Work required:
Quote every line of the data below as it stands, omitting pictures.

Available data:
********

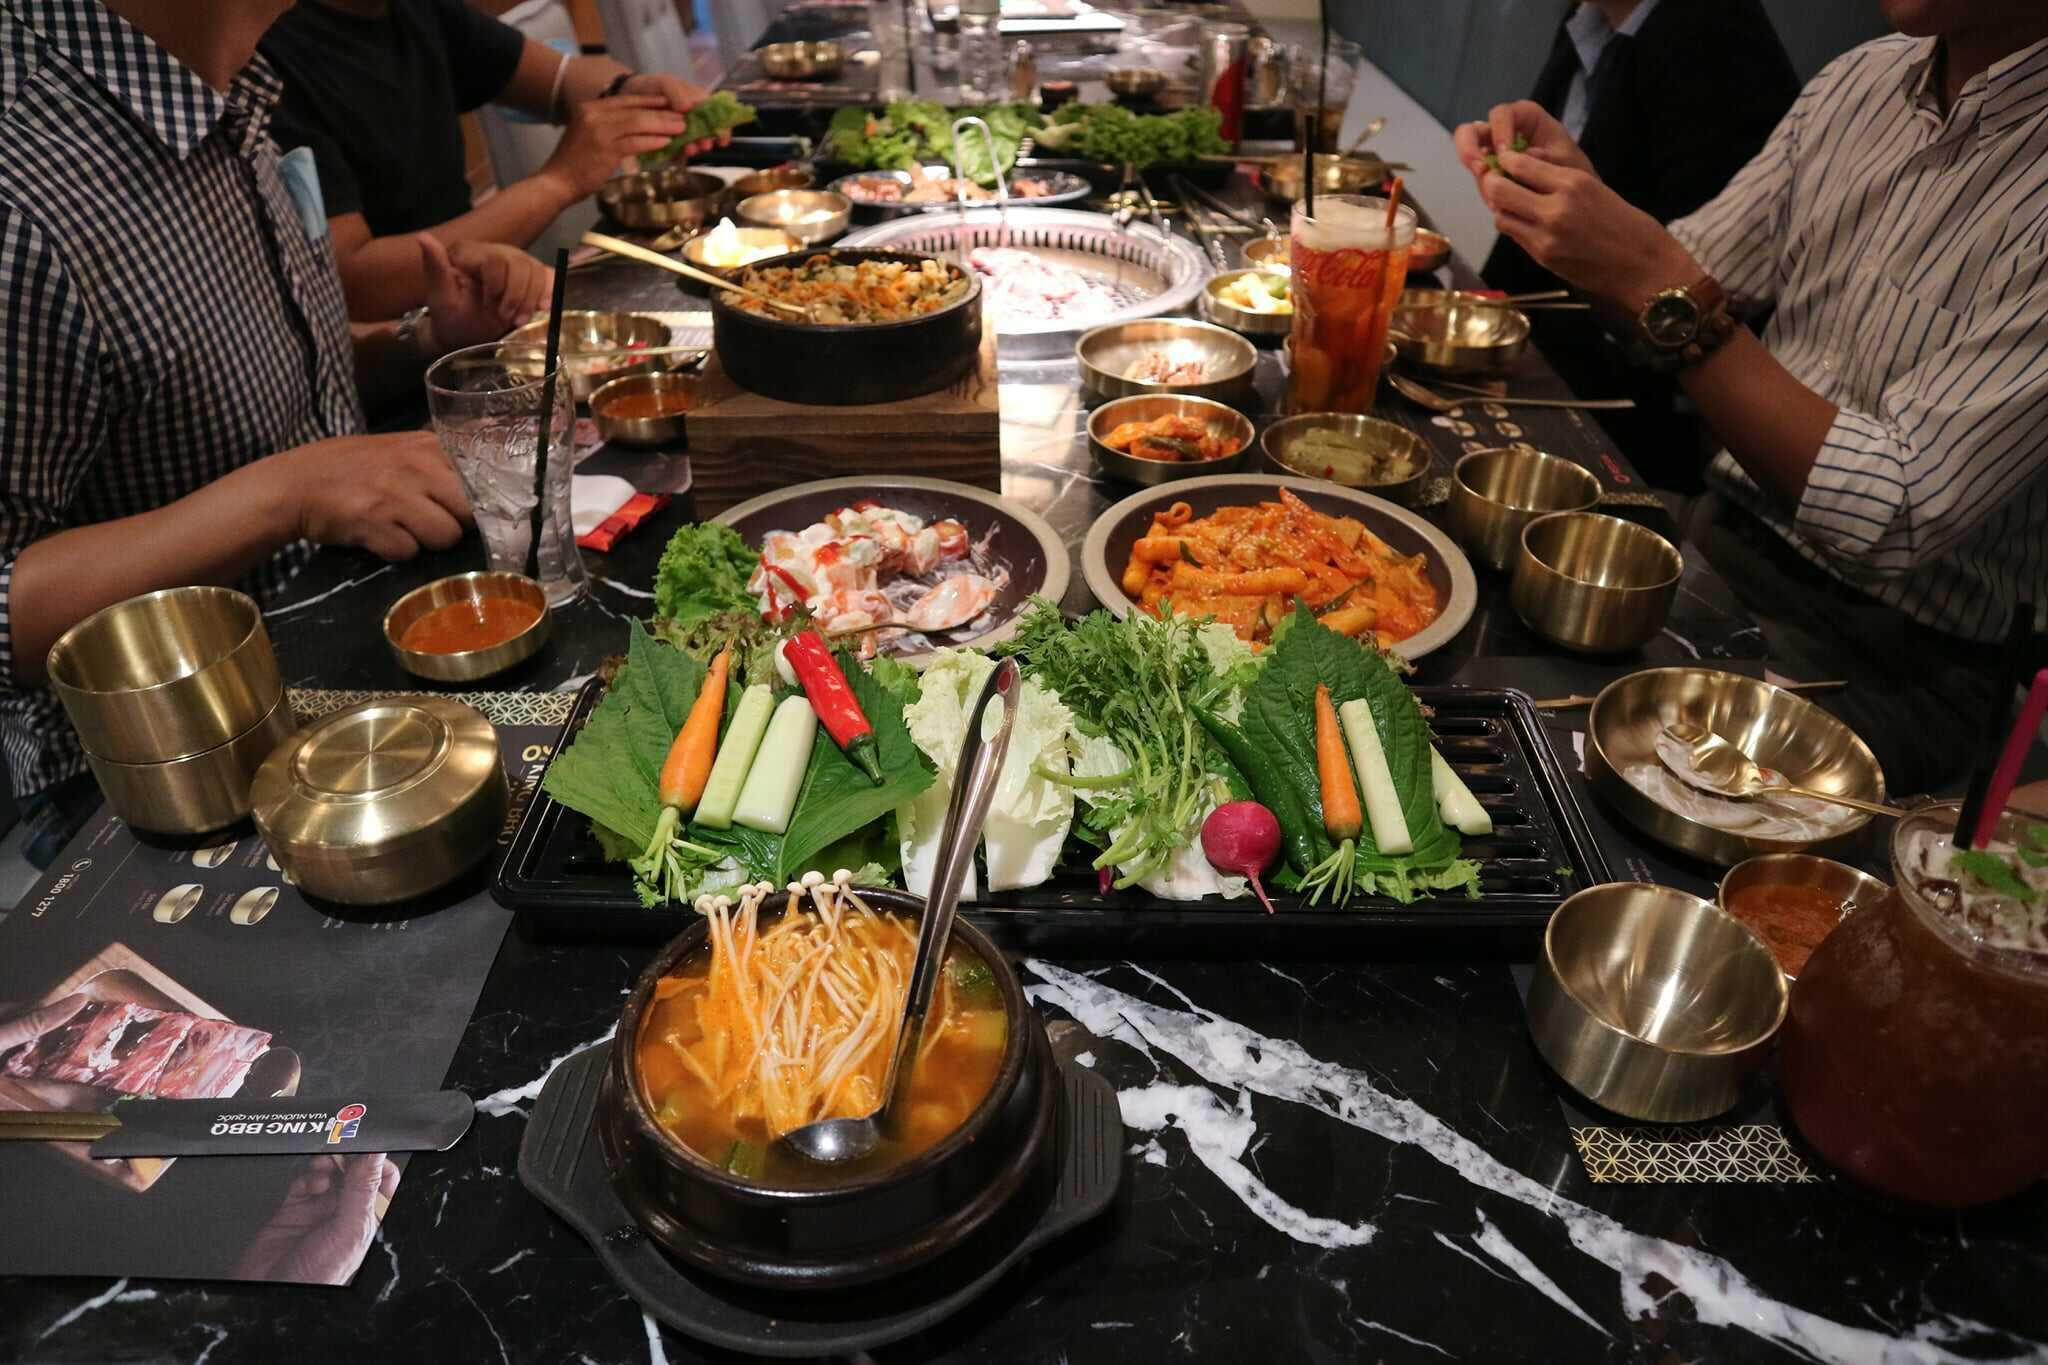 Top 10 Quán nướng ngon ở Gò Vấp giá rẻ bình dân đông khách nhất
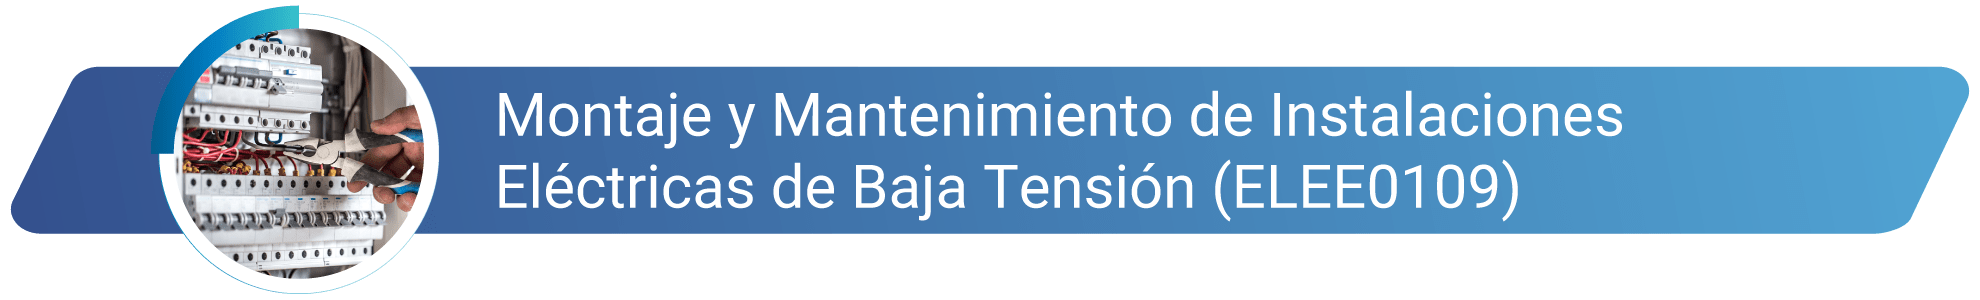 Montaje-y-Mtto-de-Instalaciones-Electricas-de-Baja-Tensión
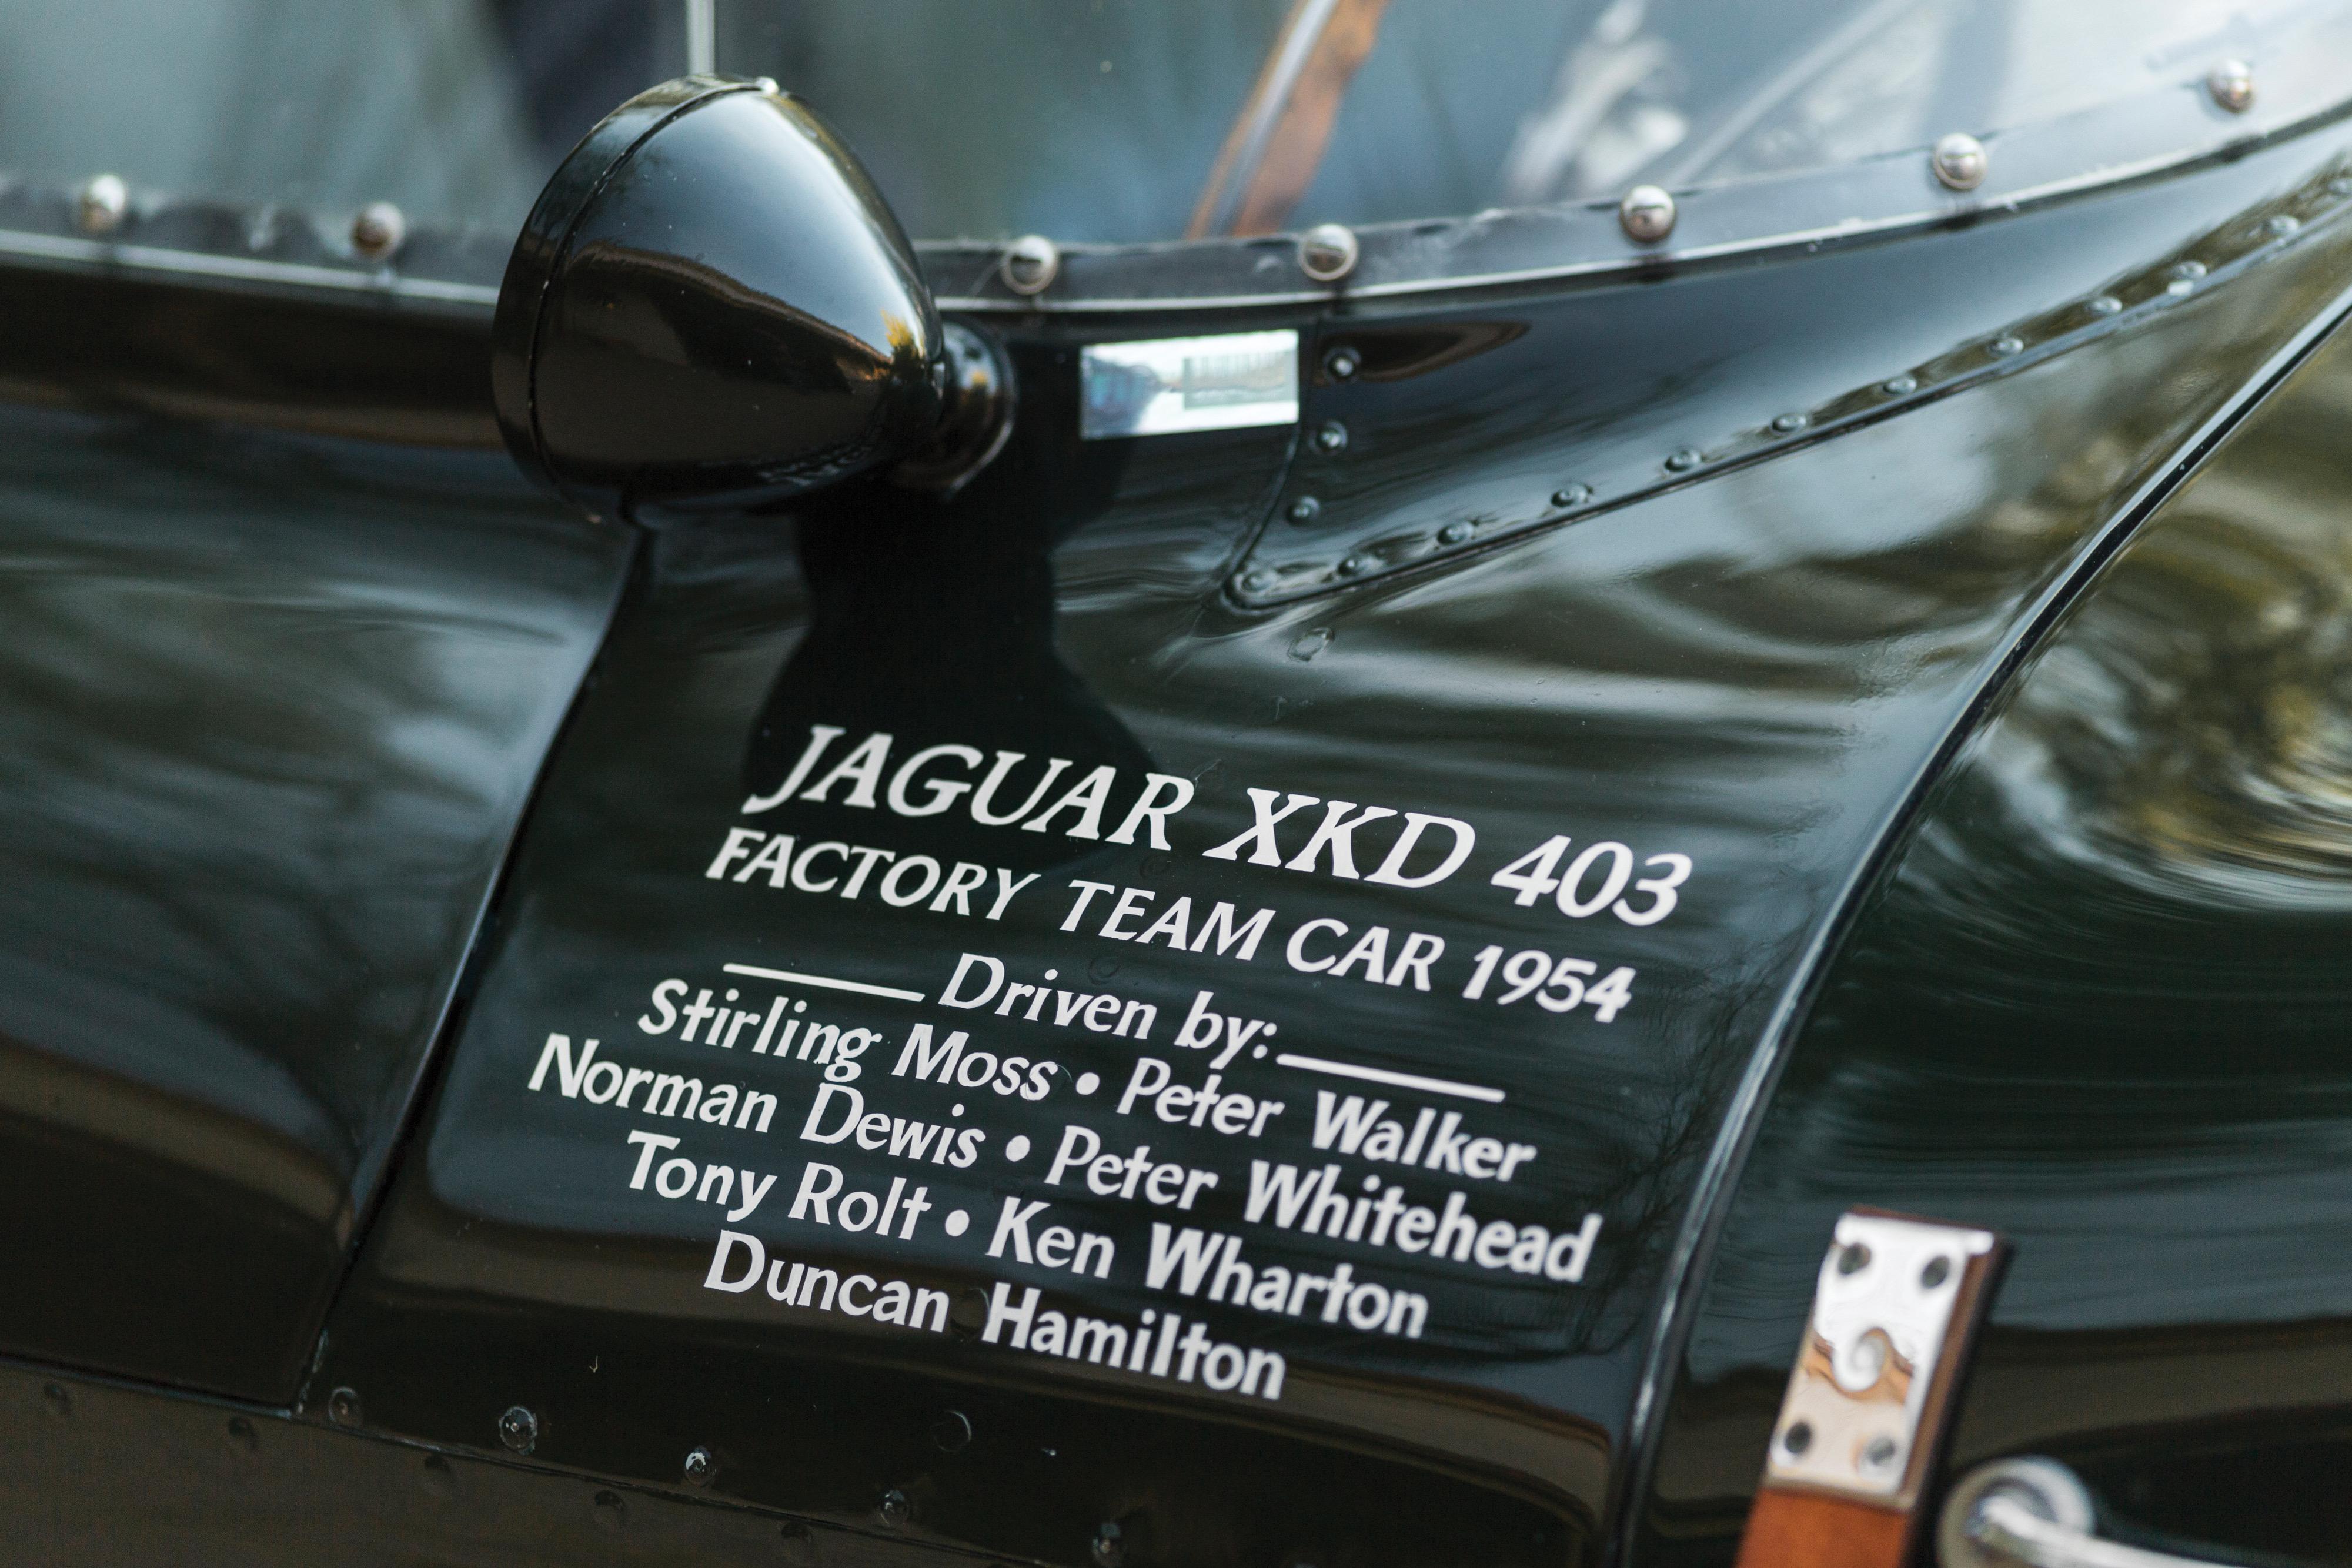 Ex-Moss 1954 Jaguar D-type announced for 2018 Sotheby's auction

********

Task answer:
 Top 10 Quán nướng ngon ở Gò Vấp giá rẻ bình dân đông khách nhất
 Montaje-y-Mtto-de-Instalaciones-Electricas-de-Baja-Tensión
 Ex-Moss 1954 Jaguar D-type announced for 2018 Sotheby's auction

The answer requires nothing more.